Susannah sighed deeply. She rattled the strongbox once again, then put it back in the bottom drawer of the desk. “I would have paid you back,” she said, her voice as dull as the consommé she made for her father whenever his innards rebelled against too much whiskey.
“How?”
That hit its mark. She stood straight and tall, like a veritable Diana. All she needed was a bow and arrows. Her chin went up. “Why, I think I just might go to Oxford and find myself a protector who will pay me more than ten pounds a quarter.”
“You know, Susannah, George’s problem was that he didn’t know how to prevent you conceiving a child. And it never even occurred to you. If Marianne had never been born, then he could have continued enjoying you without worrying about offspring. You told me he didn’t come around much the past two years. That was because he was terrified of getting you pregnant again.”
She hadn’t thought of that; she had only felt the pain of rejection. “A man of your reputation—why, how could you possibly know what George thought or planned? Maybe it wasn’t at all like that horrible man Lambert said. Maybe he was just talking to me like that because he wanted to hurt me. I did escape him and you did shoot him.”
“That’s possible, but not at all to the point. Why don’t we just put an end to all this? Marry me, Susannah. I will fetch us a special license on the morrow. The local vicar, Mr. Byam, is a lifelong friend of the Carrington family. He would never betray us. He can marry us the next day. Then you won’t have to worry about stealing money from me.”
“No, that’s true. I would just have to worry about which one of your women you were with when you weren’t with me.”
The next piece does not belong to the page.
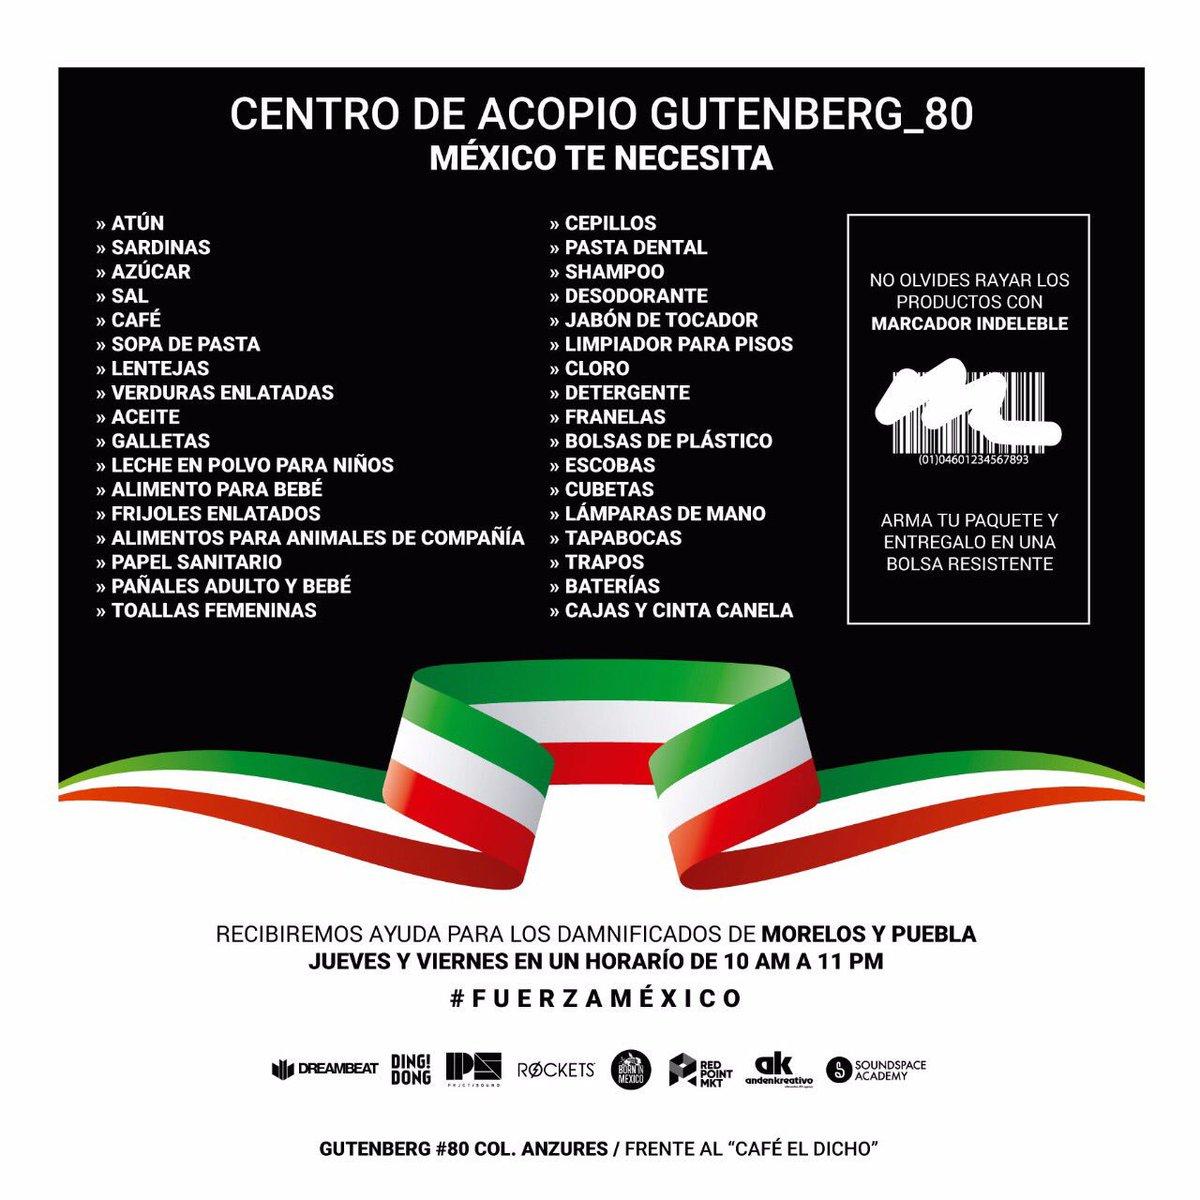 Lujoso Reanudar Plantilla De Carta De Rechazo Elaboración - Ejemplo ...
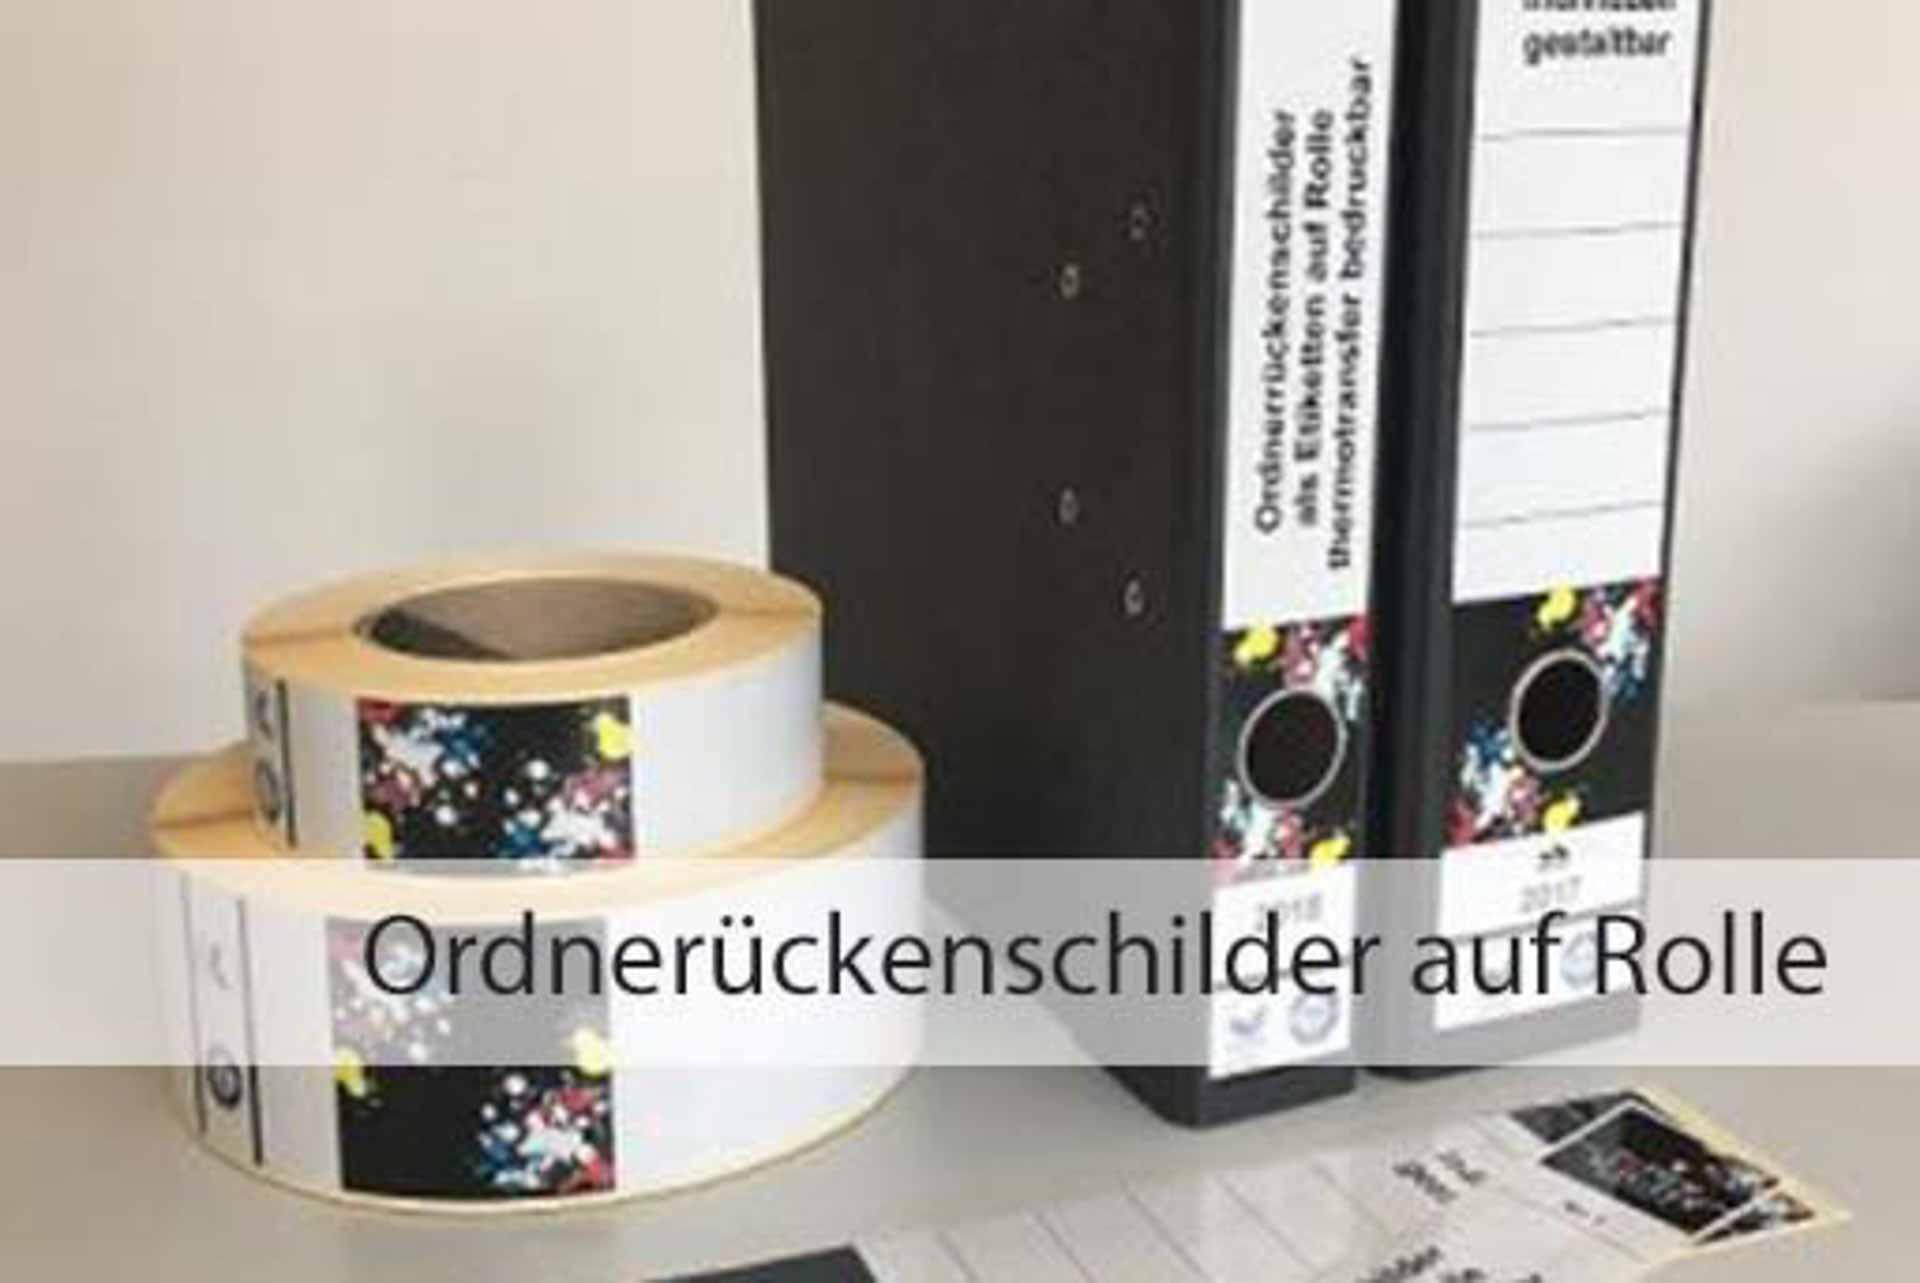 Ordnerrückenschilder auf Rolle | Papier-Schäfer-GmbH & Co. KG

“I know. That’s an insurmountable problem, isn’t it? A man of my reputation has much to live up to, doesn’t he? Perhaps we could just forget about all my women.” He waved his hands in front of him like a magician, and snapped his fingers. “There! The problem’s gone. What do you say?”
“George betrayed me. I couldn’t bear to marry another man who wouldn’t even pretend he wasn’t betraying me.”
“Perhaps,” he said very slowly, very carefully, “perhaps you and I could consider never betraying each other. There would be just the two of us. We would provide all of the entertainment for each other. I believe I could make that vow. Could you?”